I'd start with a 5% diphenyl dimethyl polysiloxane phase. A real workhorse. Maybe 0.32mm I.D. x 30M length and run the helium around 1.5 cc/min constant flow. Just a steady ramp from the appropriate solvent focusing temperature up to around 330°C over an hour.
Kurt, I think I have to disagree about the ability of low -vs- high res to make good identifications. Running in full-scan mode, a low-res can identify quite well assuming a non-coeluted peak. With coelutions, even a high res instrument won't be able to sort out the mix of masses from the coeluting compounds and the library fits will be poor. So the real limiting factor would be the complexity of the mixture... thus the ability of the column to resolve the close eluters.
You want your library spectra to be run at a resolution similar to the resolution that you're using.

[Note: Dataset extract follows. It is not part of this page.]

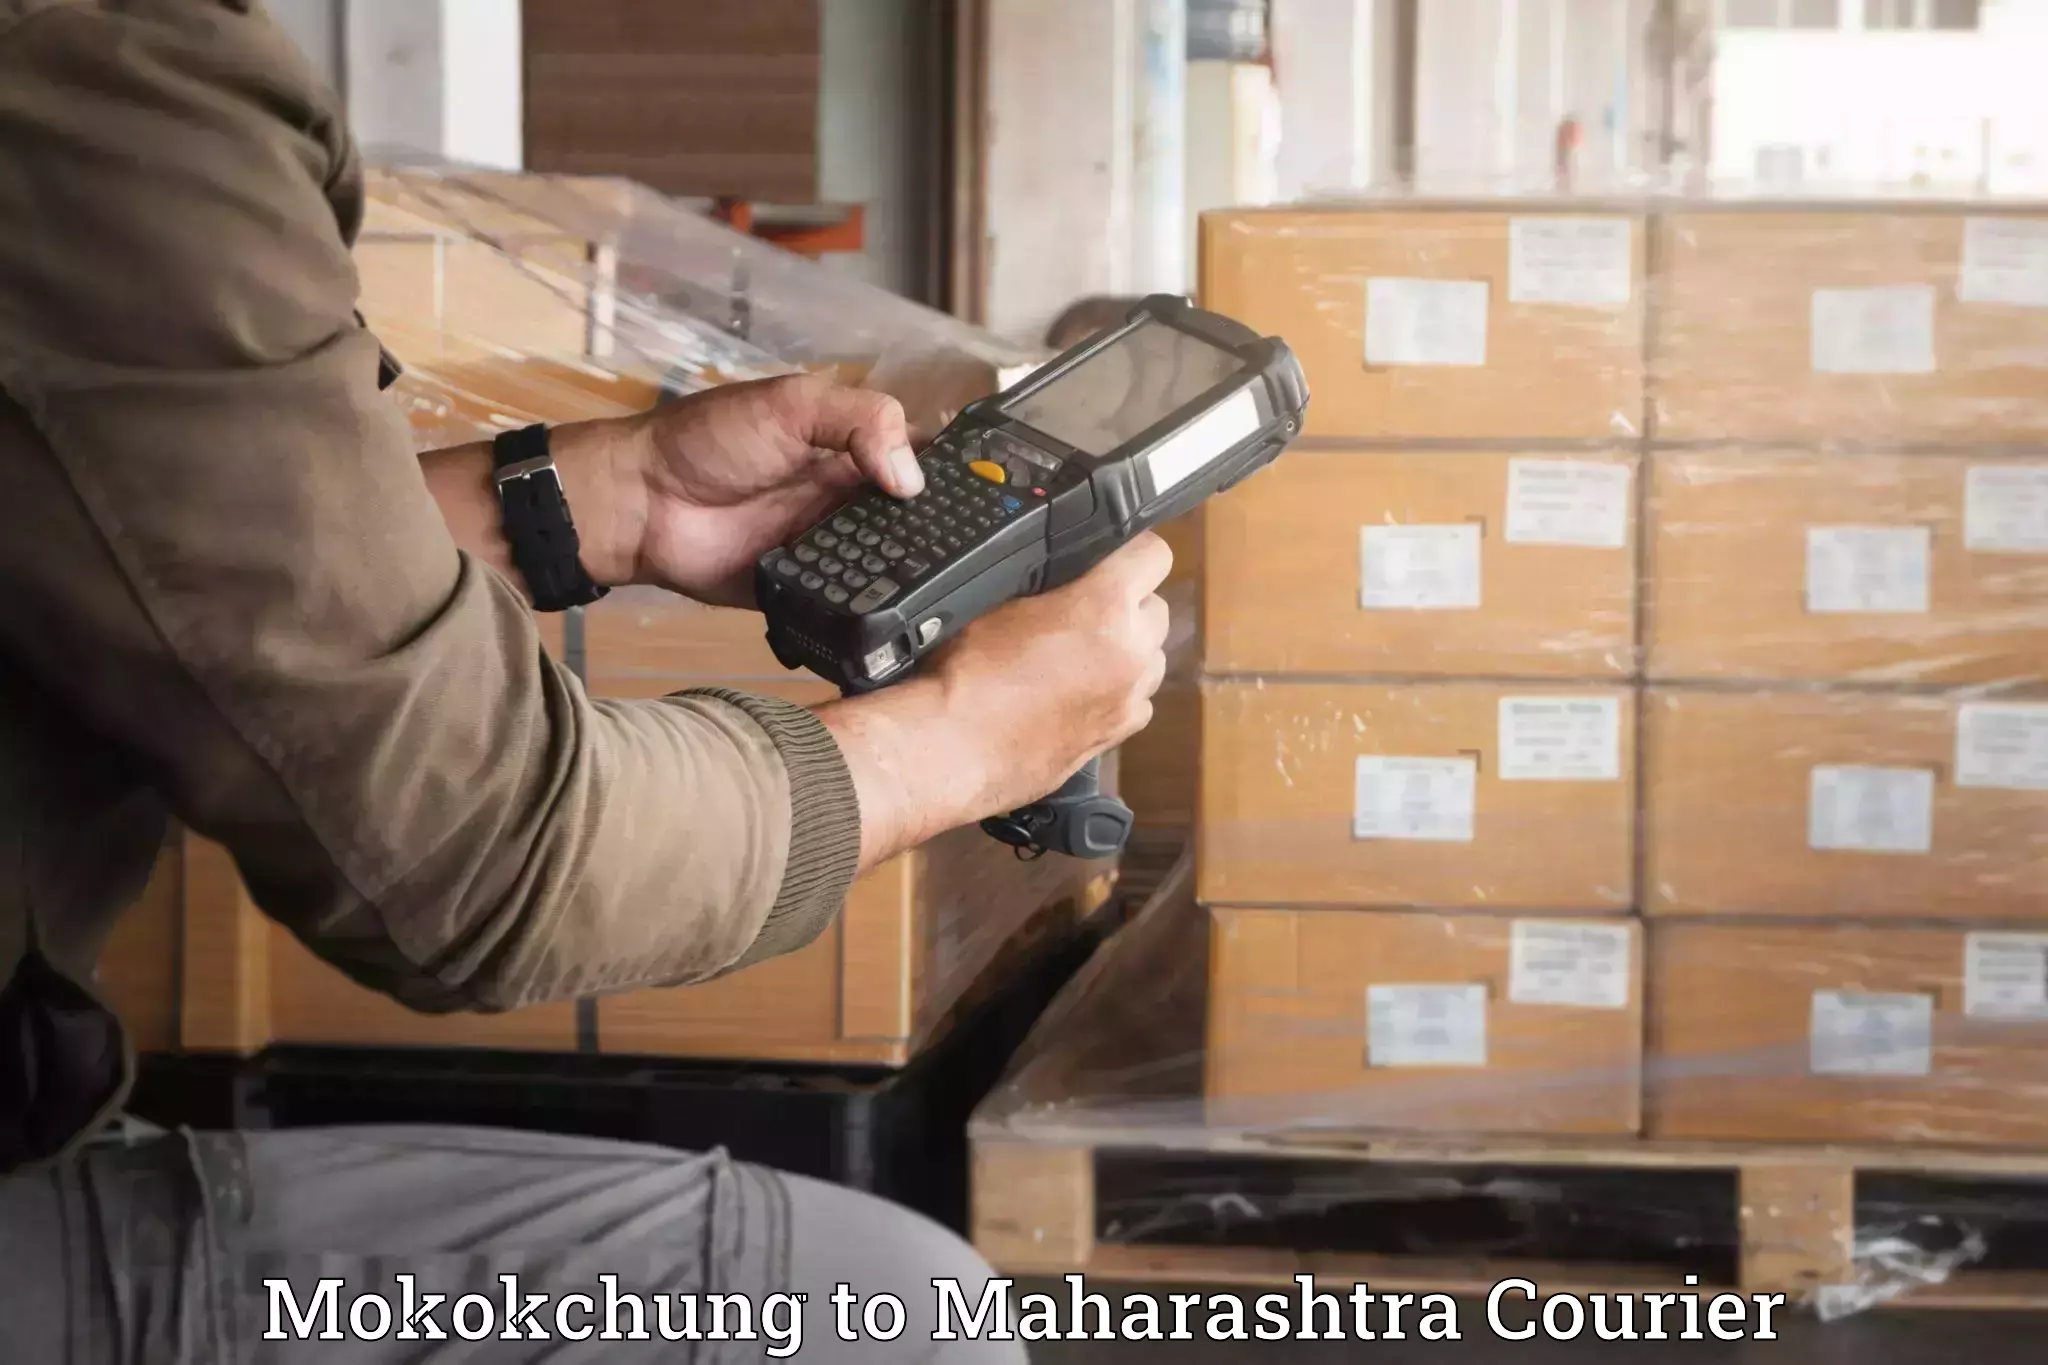 Furniture transport and logistics Mokokchung to Maharashtra

Generally, you'll find the higher resolution instruments running in a selected ion monitoring mode where only a small subset of masses are being scanned thus increasing the mass dwell time and sensitivity, and using the filtering capability of higher resolution to distinguish masses of interest from very close masses coming from coeluting non-interest compounds.
The mass filtering capability of a high res instrument comes into play when doing such a SIM analysis since at 1000 resolution (low res), mass 162.26 can be distinguished from a mass about 0.16 amu different (162.26/1000), thus if you're trying to look at mass 162.26, you'll be seeing a mass range of 162.10 - 162.42, thus non-interest coeluters can interfere if the mass is close enough to mass 162.26. Raise the resolution to 10,000 (high res), and discrimination increases to 0.016 amu (162.26/10000), thus lowering the indistinguishable mass range to 162.244 - 162.276. Much higher resolutions can be used, but with higher resolution, there is a sacrifice in sensitivity due to the physical focusing of the ion beam.